Low-Guided High-Frequency Injection Module
- LGHI module is a neural network component that fuses low-frequency global structures with selectively enhanced high-frequency details using multi-scale decomposition.
- It is integrated into decoding or upsampling pathways with fixed or learnable filters, depthwise convolutions, and gated cross-frequency attention to preserve detail.
- Empirical results in medical imaging, HDR imaging, and financial modeling show improvements in segmentation metrics, PSNR, and ROI, demonstrating its practical impact.
Low-Guided High-Frequency Injection (LGHI) modules are a class of neural network components designed for progressive refinement of representations by fusing low-frequency structural information with selectively injected high-frequency detail. They are primarily motivated by frequency-domain analysis, exploiting the observation that salient global structures are predominantly encoded in low-frequency components, while local details and abrupt transitions are contained in high-frequency bands. LGHI has found applications in diverse domains, including medical image segmentation (Mu et al., 10 Sep 2025), high dynamic range (HDR) imaging (Dai et al., 2021), and financial time series modeling (Li et al., 19 Jan 2026).
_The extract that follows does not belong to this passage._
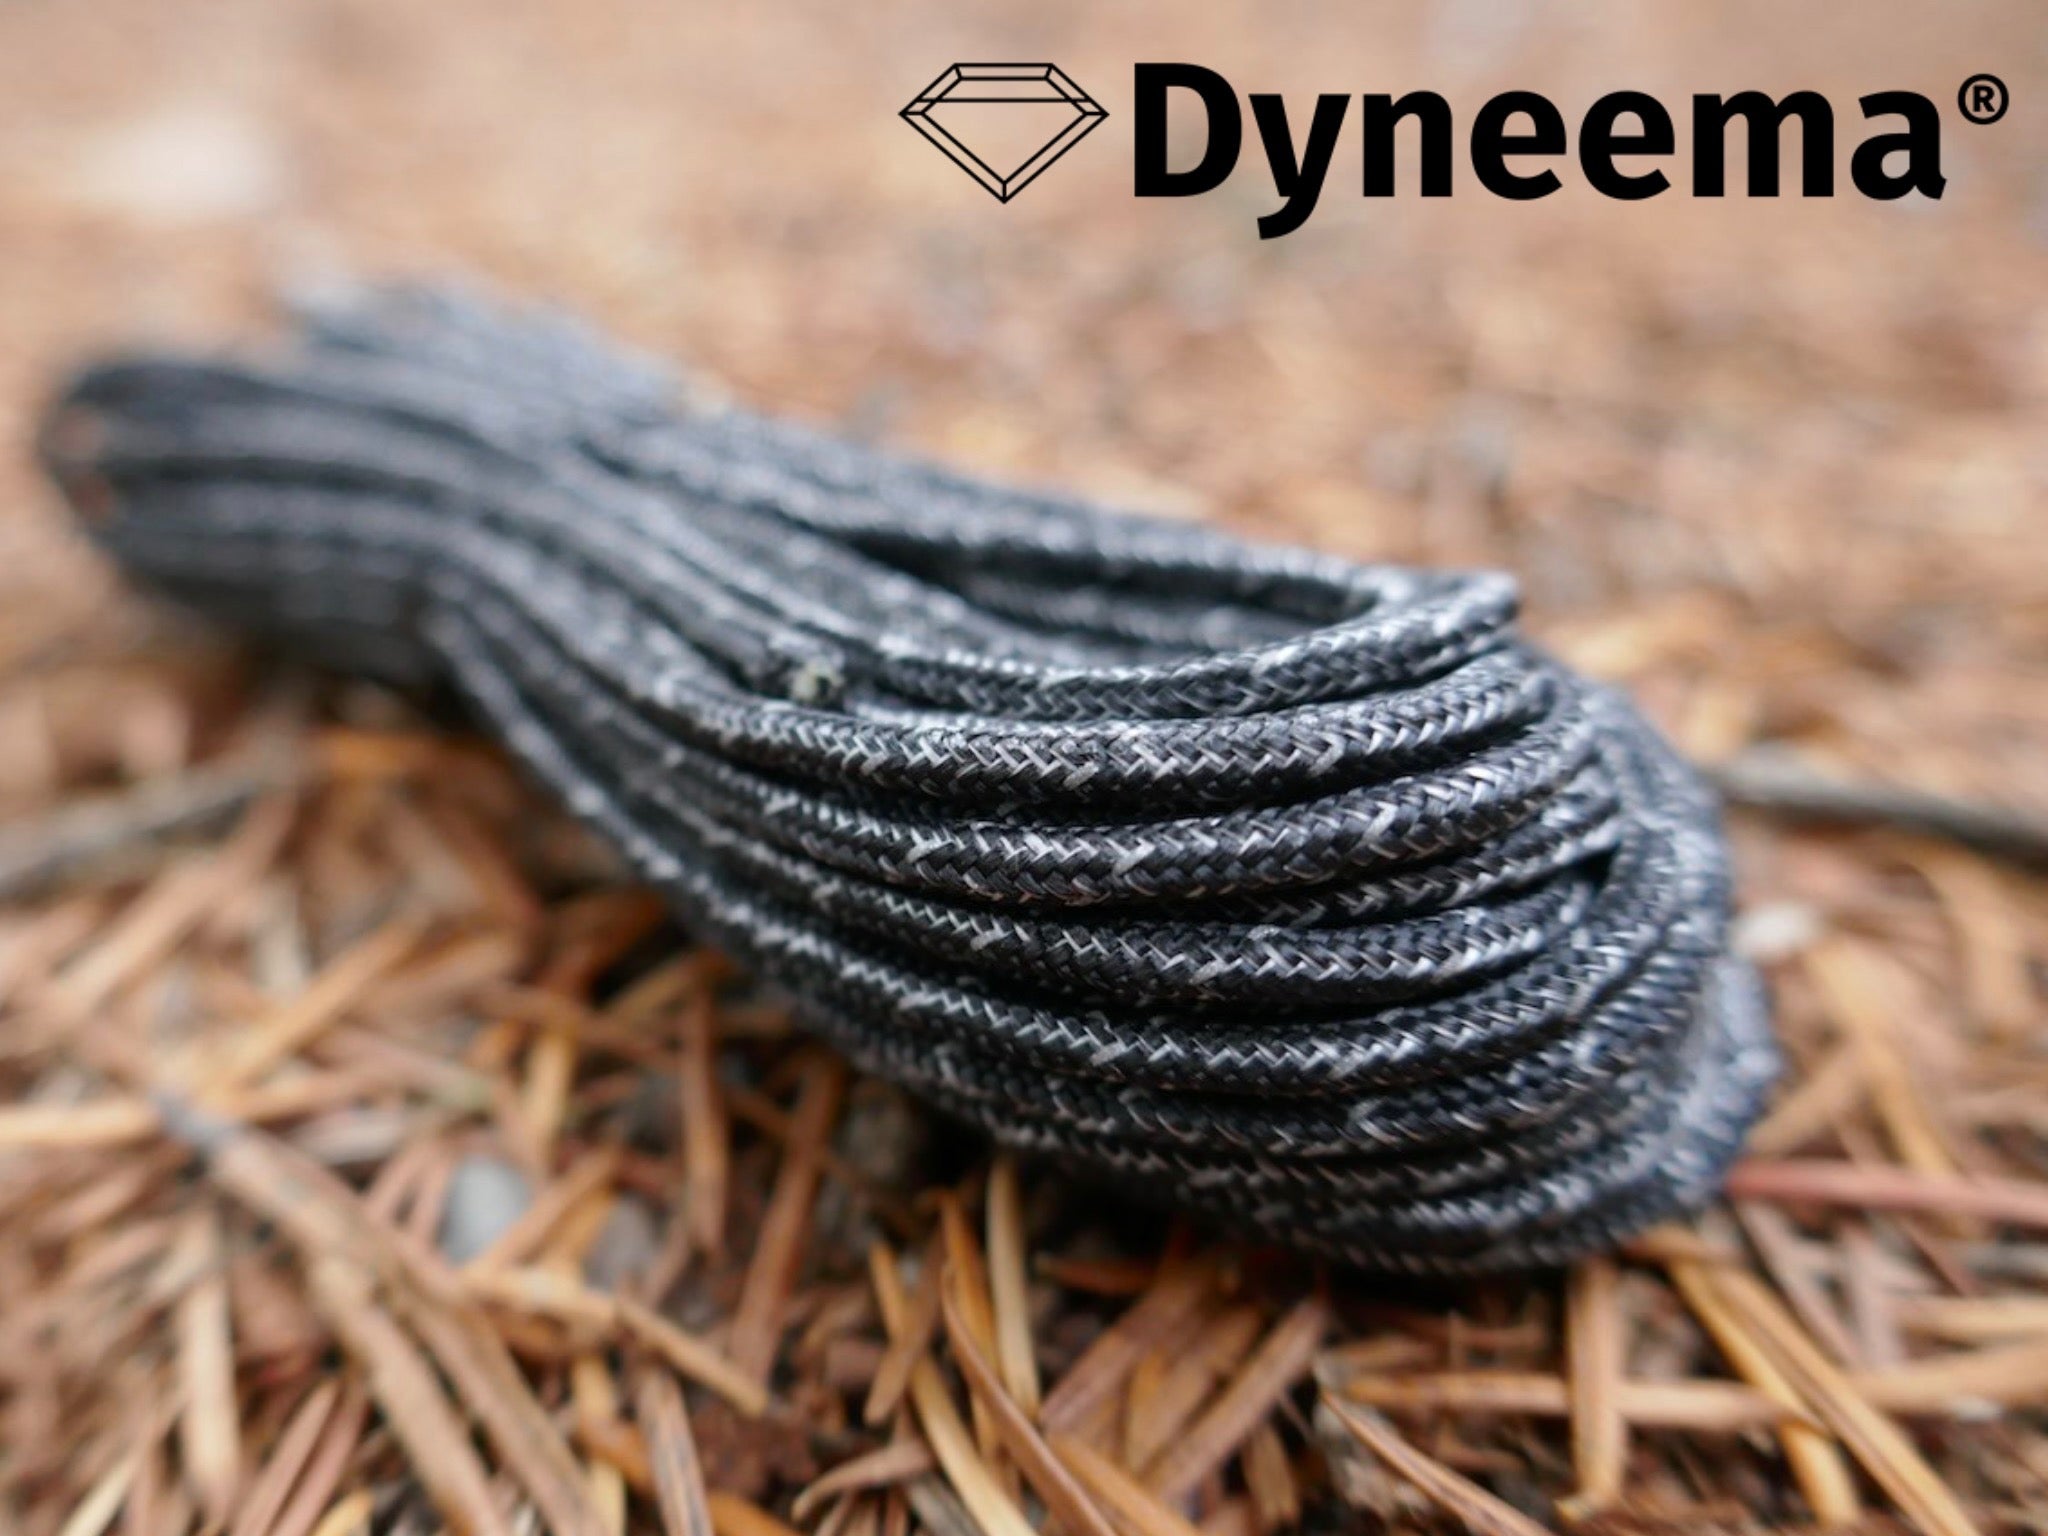 Dyneema 1.7mm/0.06 - Tent Guy Line, Nordic Wildwood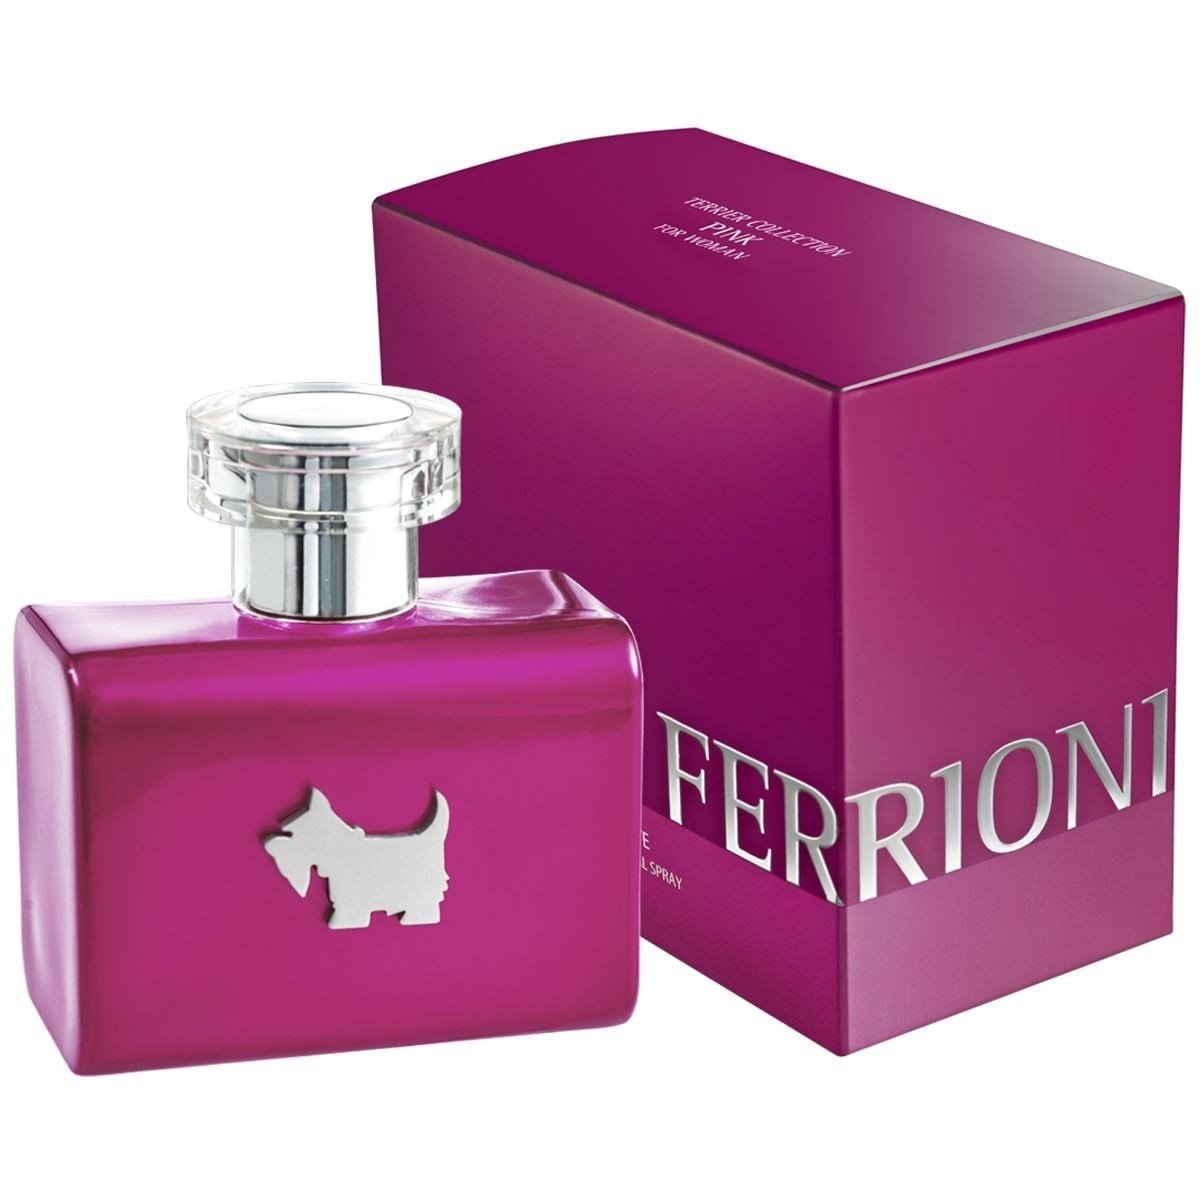 FERRIONI - Terrier Pink para mujer / 100 ml Eau De Toilette Spray

1. Fundamental Principles and Architectural Placement
LGHI modules operate by decomposing features into frequency bands—either with fixed wavelets (e.g., Haar) or with learnable FIR filter banks. The core paradigm is “low-guided high-frequency injection”: high-frequency subbands, rich in local or transient details, are selectively and controllably synthesized into the backbone low-frequency representation.
Architecturally, LGHI modules are typically situated within decoding or upsampling pathways. For instance, in SFD-Mamba2Net, LGHI (via the PHFP module) is placed at the head of each decoder block, intervening before the main Conv–BN–ReLU block and dropout regularization (Mu et al., 10 Sep 2025). In FHDRNet, LGHI governs every upsampling stage, operating in parallel on low-frequency fusion and high-frequency subband aggregation (Dai et al., 2021). In WaveLSFormer, LGHI sits after the wavelet front-end, fusing multi-scale features before Transformer encoding (Li et al., 19 Jan 2026). This architectural strategy ensures that fine details are handled in context with the prevailing global structure per decoding resolution or temporal position.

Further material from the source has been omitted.